Inspired by the human ability to learn and organize knowledge into hierarchical taxonomies with prototypes, this paper addresses key limitations in current deep hierarchical clustering methods. Existing methods often tie the structure to the number of classes and underutilize the rich prototype information available at intermediate hierarchical levels. We introduce deep taxonomic networks, a novel deep latent variable approach designed to bridge these gaps. Our method optimizes a large latent taxonomic hierarchy, specifically a complete binary tree structured mixture-of-Gaussian prior within a variational inference framework, to automatically discover taxonomic structures and associated prototype clusters directly from unlabeled data without assuming true label sizes.

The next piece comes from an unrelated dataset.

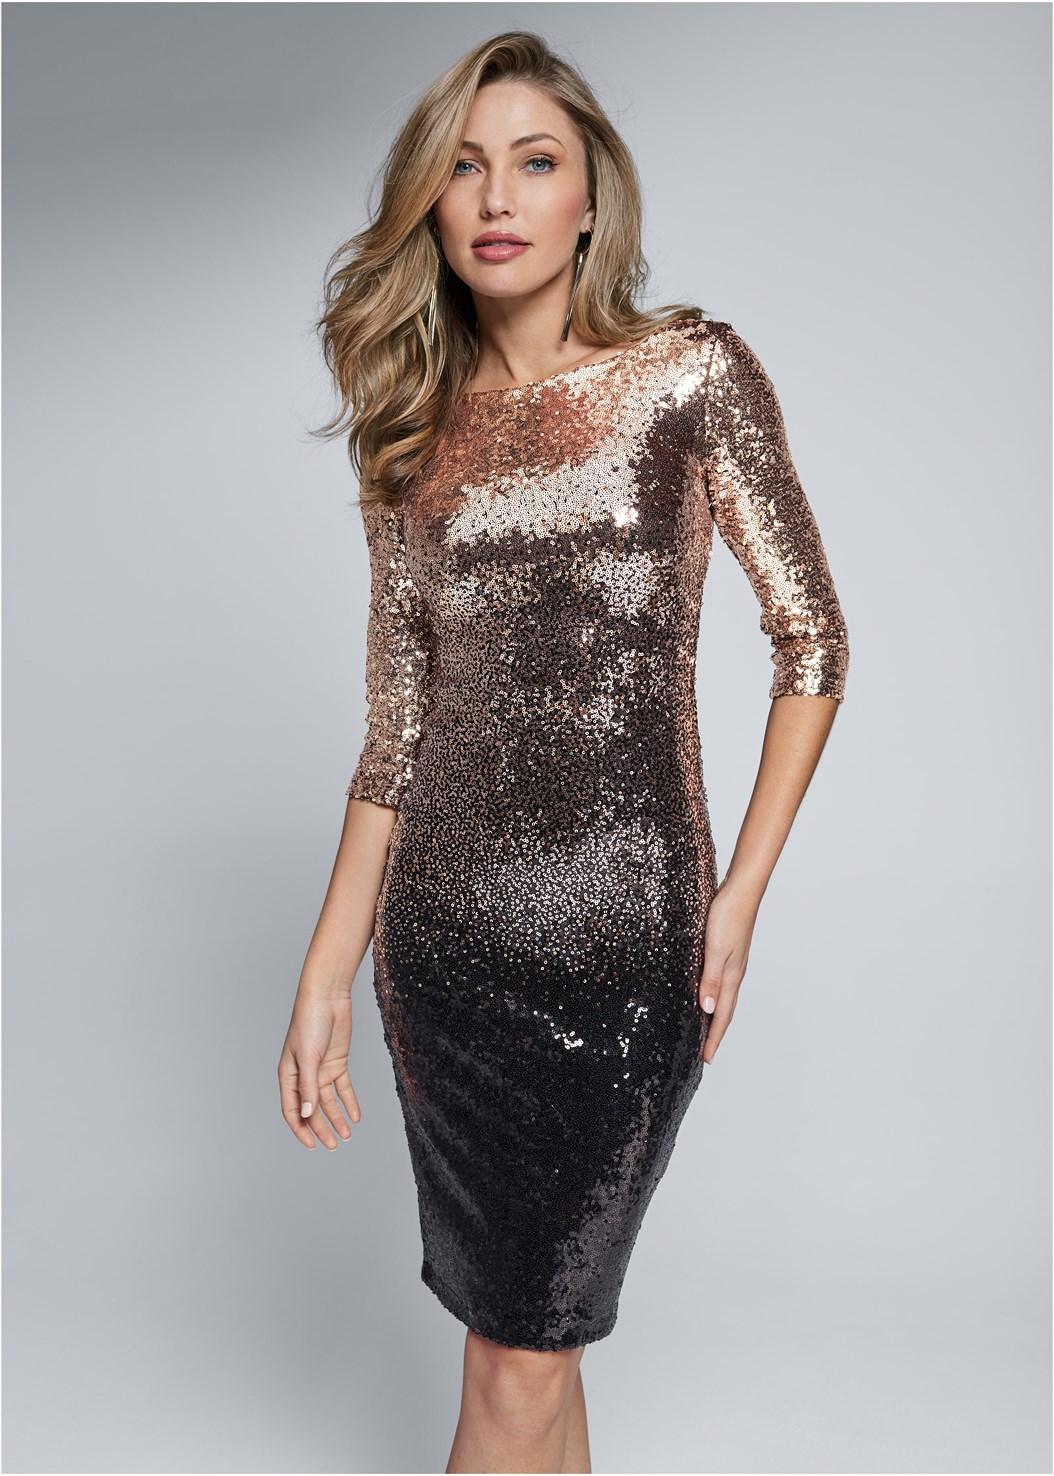 Ombre Sequin Dress,Kissable Convertible Bra,Shadow Stripe Heels,Mix Metal Tassel Earring

We analytically show that optimizing the ELBO of our method encourages the discovery of hierarchical relationships among prototypes. Empirically, our learned models demonstrate strong hierarchical clustering performance, outperforming baselines across diverse image classification datasets using our novel evaluation mechanism that leverages prototype clusters discovered at all hierarchical levels. Qualitative results further reveal that deep taxonomic networks discover rich and interpretable hierarchical taxonomies, capturing both coarse-grained semantic categories and fine-grained visual distinctions.

Paper Structure

This paper contains 52 sections, 32 equations, 5 figures, 8 tables.

Figures (5)

  • Figure 1: Examples of sub-hierarchies discovered by fitting a deep taxonomic network to CIFAR-10 data. For each cluster, we sampled nine images from the test set based on likelihood.
  • Figure 2: The graphic model for deep taxonomic networks. (a): solid arrows represent the generative sampling process. The grayed cluster $c_3$ is selected via the prior distribution $p(c)$. (b): dashed arrows represent the variational inference process. Red: learnable parameters.
  • Figure 3: Hierarchical clustering performance on all evaluated datasets at varying depth of $\mathcal{T}$. X-axis: depth, Y-axis: performance.
  • Figure 4: Prototypicality $p(c\mid\mathbf{z})$ on test data over $\mathcal{T}$. X-axis: Cluster indices of a flattened complete binary tree, ordered left-to-right starting with its $2^{10}$ leaf clusters. Y-axis: $p(c\mid\mathbf{z})$.
  • Figure 5: Examples of sub-hierarchy discovered by deep taxonomic networks on MNIST (\ref{['fig:mnist-89']}, \ref{['fig:nmist-4983']}), Fashion (\ref{['fig:fashion-low']}, \ref{['fig:fashion-high']}) and Omniglot (\ref{['fig:omniglot-1']}, \ref{['fig:omniglot-2']}). Images are sampled from the test set per cluster by likelihood.